Nine groups of species: Wild Boar, birds of prey, Beavers, whales, bees, cattle and horses, trees (!), Lynx and Wolf and humans are discussed as forces of nature. The Lynx and Wolf chapter is rivetting and appears to have been very well-researched – it certainly convinced me.  But every chapter was gripping in its slightly different way.

This is a compelling book on the subject of rewilding – you’d guessed hadn’t you?

The author appears to have travelled quite widely to write this book, and assuming he did, I totally forgive him the carbon expenditure because this book should affect the way that people think about rewilding in the severely dewilded UK. In the hands of the general public it will inspire and enthuse many to understand that rewilding can simply mean restoring a long lost ecology to parts of our country. In the hands of landowners I hope it will, on balance, help to dispel unnecessary fears and make the core conversations better informed. And in the hands of our wildlife NGOs it ought to push them towards a more enthusiastic adoption of rewilding as a core part of their work.

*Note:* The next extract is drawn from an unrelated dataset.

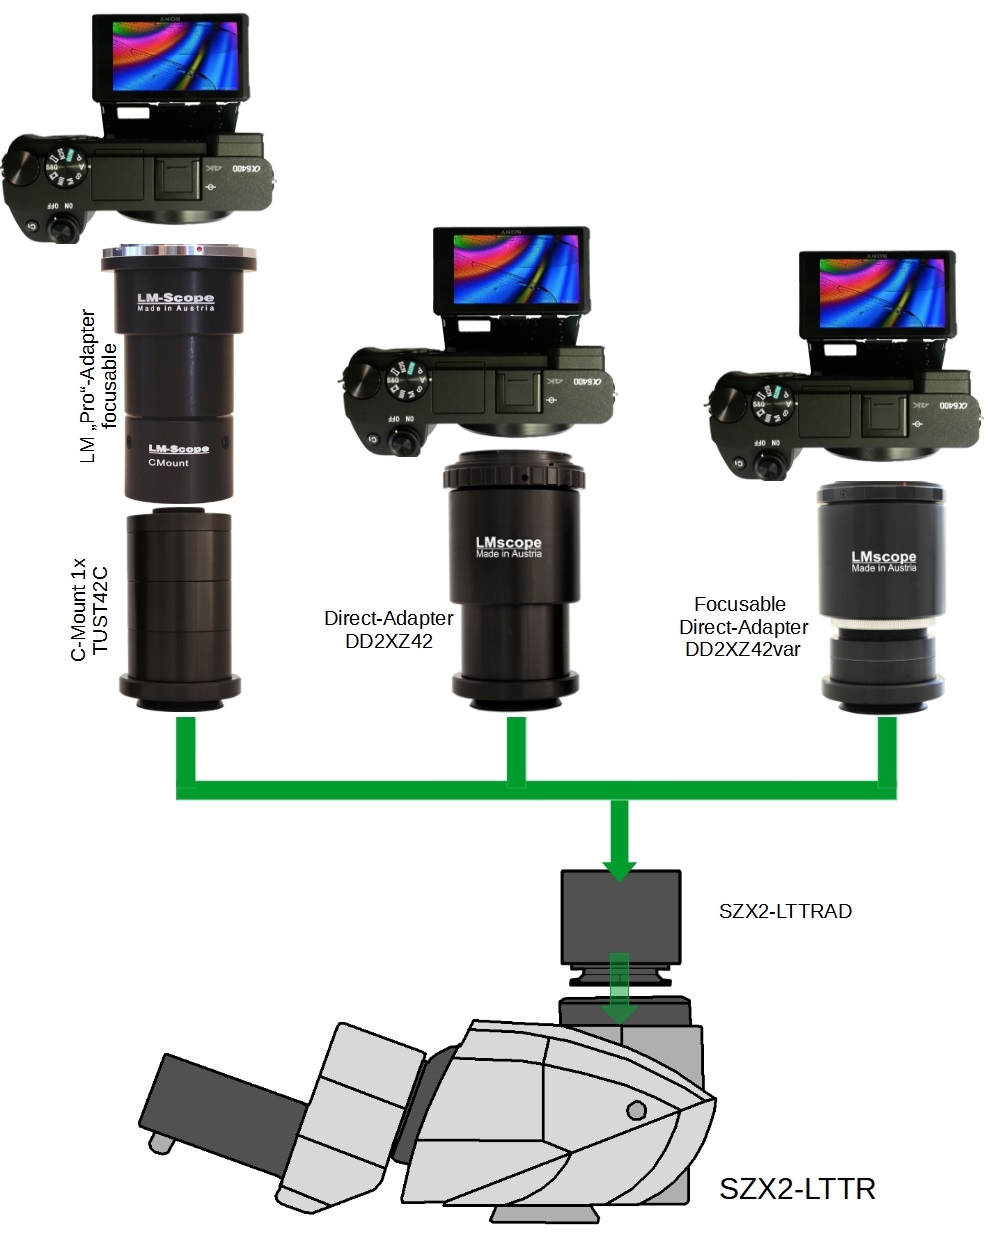  Mikroskop Adapter, die besten Digitalkameras mit unterschiedlichen Adaptervarianten am Olympus SZX2-LTTR Trinotubus

The writing is very good – conversational, engaging and less stilted than parts of Rebirding.  It’s a joy to read because of the subject and because of the delivery of the message.

Very highly recommended.

The cover? I like it, and especially the Willow Tit. I think the Beaver could have been slightly better done but the cover is a fine introduction to the book and attractive to boot. I’d give it 9/10.

Cornerstones: wild forces that can change our world by Benedict Macdonald is published by Bloomsbury.


Buy direct from Blackwell’s – a proper bookshop (and I’ll get a little bit of money from them)


2 Replies to “Sunday book review – Cornerstones by Benedict Macdonald”

  1. If this book is even better than Rebirding then it’s an absolute ‘must read’. I couldn’t help notice the black storks on the cover, I’m supposing that indicates their future breeding presence in the UK. When I was a wee boy I think my heart would have burst with excitement at the idea black storks could become a fully fledged resident species here. Potentially really exciting times if the conservation organisations embrace rewilding more actively than they’ve done and stand up to the propaganda and vested interests against it. Wales would be a very good place to start.

  2. I have just finished this and it is indeed excellent. If you see this it may be because you are thinking of reading it. Please do so.